Multifamily projects in Victoria, Nanaimo
Their two other recent partnerships involve multiresidential builds in Victoria and Nanaimo, containing a total of 382 apartments. This has created a somewhat ironic situation for Fawley, who has four decades of experience in the development industry.
“The ironic thing is the two categories we didn’t do, because they didn’t have any life to it in our opinion, was rental residential and industrial. Only in the past four years have we really picked those asset classes up,” he said, chuckling. “It’s really interesting late in my career to work on two areas I find fascinating, but which I didn’t get the chance to do earlier.
Looking ahead, Denciti is hoping to acquire land for a few more projects in areas such as Chilliwack, Nanaimo, Kelowna and Victoria.
It is also deciding how best to proceed with the third-and-final phase of a project in Kelowna. It has already sold out about 270,000 square feet of strata industrial in the first two phases, but will employ a different strategy for the third building.
“Buildings one and two are sold out. Building three we are just rationalizing that. We’ve got a five-acre site at the back and I don’t think we can do it condo,” he said, because it doesn’t have the visibility for that type of product.
“Demand is excellent up there, so it’s a little bit different formula. We would build it, lease it and then market it for sale as a finished product.”

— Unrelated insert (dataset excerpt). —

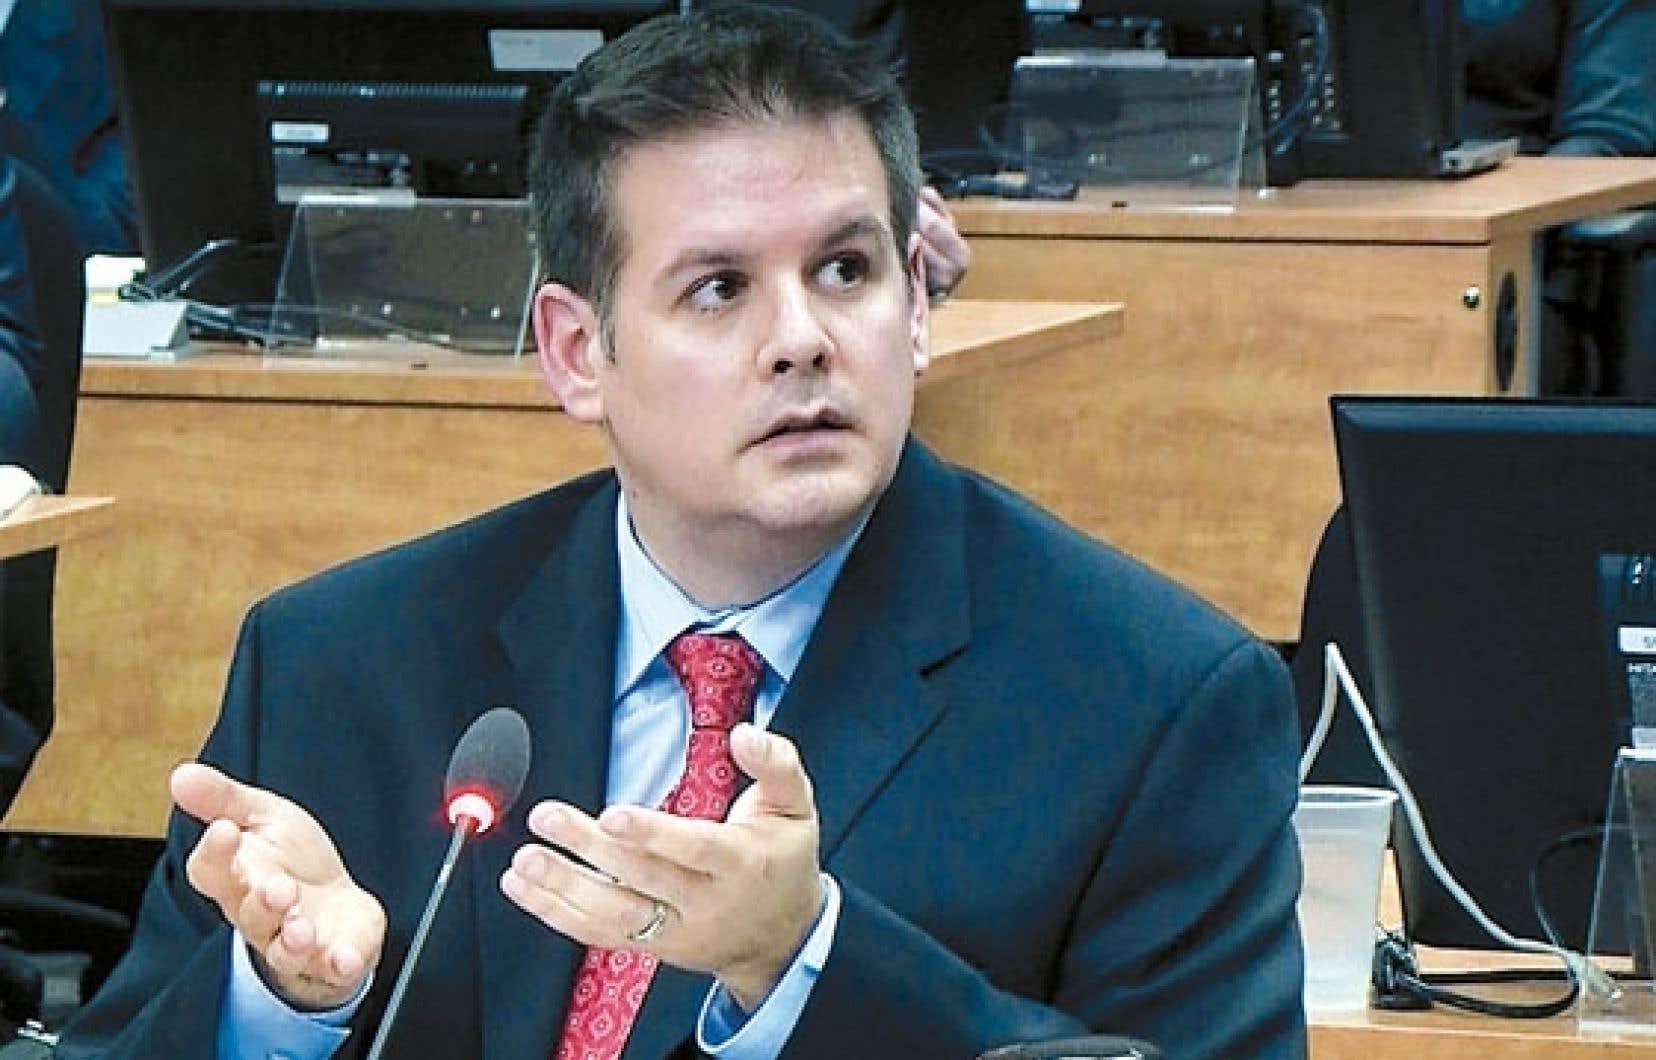 Martin Dumont, ancien organisateur du parti Union Montréal, a de nouveau témoigné devant la commission Charbonneau hier.

About Denciti, Nicola Wealth
Denciti Development Corp. is a real estate company creating urban industrial, commercial and residential development. It has delivered over $2 billion of real estate across Canada.
Nicola Wealth Real Estate is the real estate arm of Nicola Wealth, a financial planning and investment firm with over $7 billion of assets under management. Its current real estate portfolio is $4 billion.
NWRE acquires and manages a growing portfolio of properties in major markets across North America. Its holdings include office, retail, industrial, multifamily residential, self-storage and seniors housing.